Life just got a little easier for parents whose children ride the bus to school in the largely rural Los Fresnos Consolidated Independent School District.


This year the district launched a new smart phone app that allows parents to know the exact location of their child’s bus at any given time. The app also will notify parents when the bus is a quarter-mile away from dropping off the child at home.

“It’s for the safety of our children and the peace of mind of our parents,” said Suzanne Ramirez, the district’s administrator of transportation. “Now we have instant communication on the location of busses that parents can access for their child’s bus.”

The free app is available for download on the Google Play and Apple iTunes stores. As of Tuesday more than 1,000 Los Fresnos parents had downloaded the app, Ramirez said. The app can also be accessed on computers at the website

“It’s a secure app where the user can only see the location of their one bus,” Ramirez said. “The app automatically sends them a notification when the bus arrives a quarter-mile from their home.”
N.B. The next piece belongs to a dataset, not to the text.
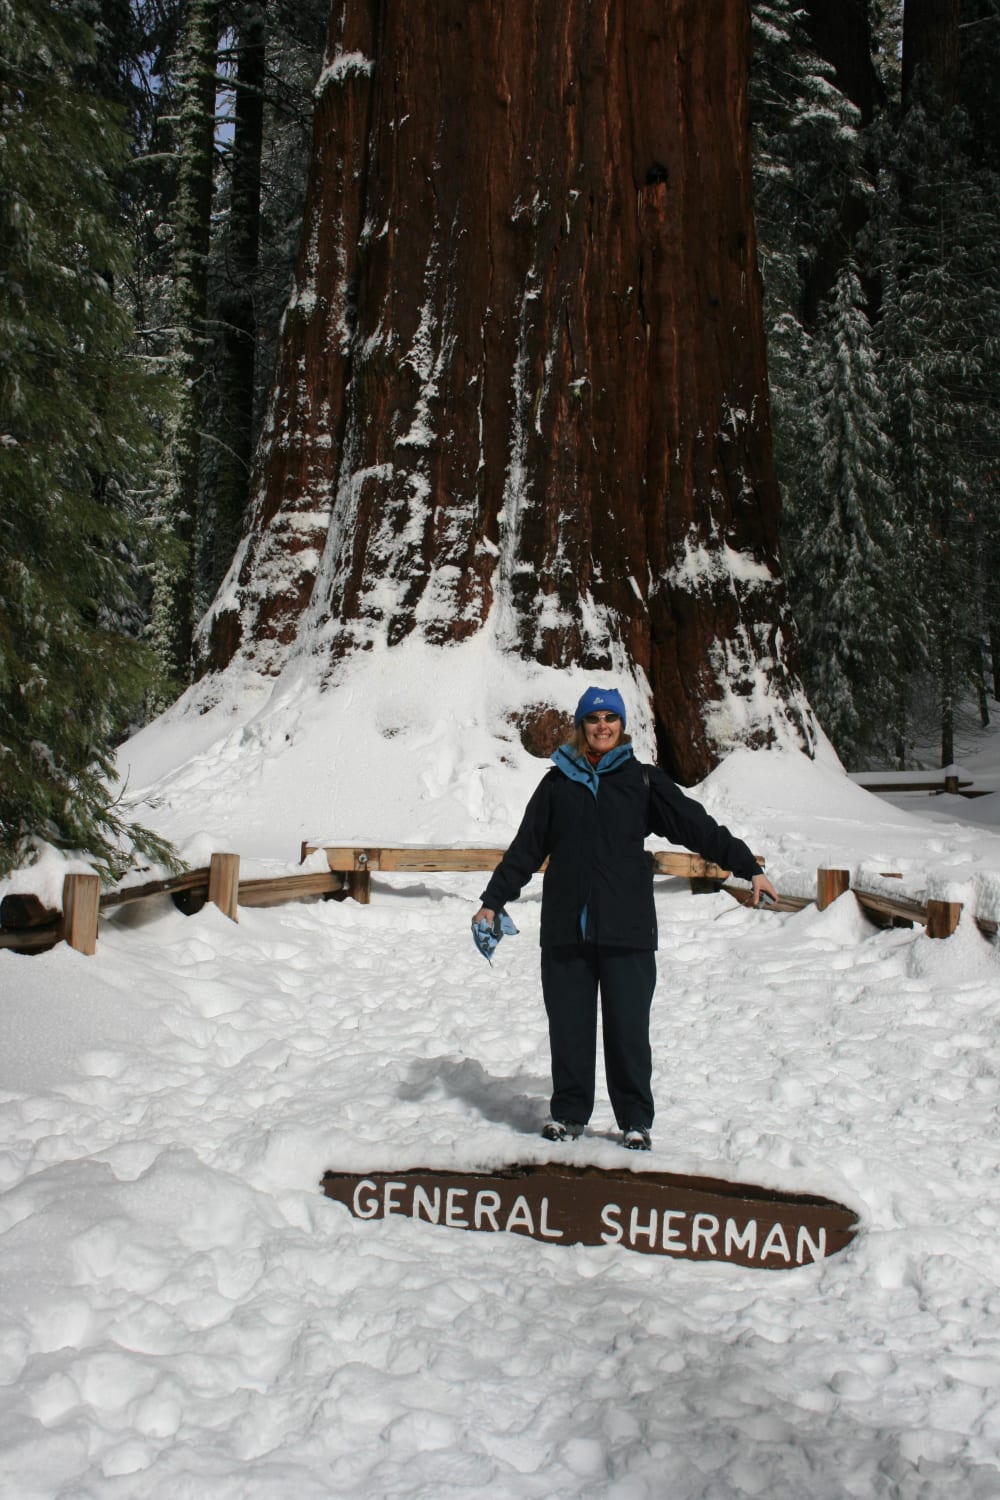 The bottom of General Sherman, Sequoia National Park

Ramirez said the district spent several years researching which would be the best app to get from among several on the market.

It seems sure to cut down on phone calls to the dispatching office to find out the location and on-time status of buses now that parents can access the information themselves using the app, she said.

Covering more than 400 square miles the Los Fresnos district is the largest geographically in Cameron County and second only to the Edinburg CISD in the Rio Grande Valley. To make sure all students arrive safely the district operates 130 buses.

“I love the idea of finding out where the bus is,” said Angie Coronado, a mother of students at Rancho Verde Elementary and Los Fresnos High School.

Ramirez said about 65 percent of the district’s students ride the bus, but at one campus it is even higher.

Nine buses serve Las Yescas Elementary in the far rural part of the county. About 95 percent of the school’s nearly 500 students ride the bus, she said.

Parents must create an account and enter the student identification numbers of their children.

The district said notifications on the app are automatic once students are registered. Parents will get notifications when the student carrying the bus card boards the bus, exits the bus and when the bus is a quarter-mile from home. They will also receive Estimated Time of Arrival (ETA) when the bus is expected to reach their homes and other status updates.

Parents can track the bus location whether they are home or not.

The app does not change procedures for special-needs students and for students in kindergarten or pre-kindergarten. Those students must continue to be received by an adult 18 years or older when the bus arrives at home, as per district policy.

Future enhancements include the option to allow students to carry radio-frequency (RFID) bus cards with magnetic stripes that could be automatically detected within a few inches of the scanner located on the bus dashboard. The scanner could read the student’s RFID card and transmit the student’s location to the app that has been registered by the student’s parents or guardians.

Future plans also include the app providing notifications for buses bringing home students from after-school tutorials and for night and weekend athletic events.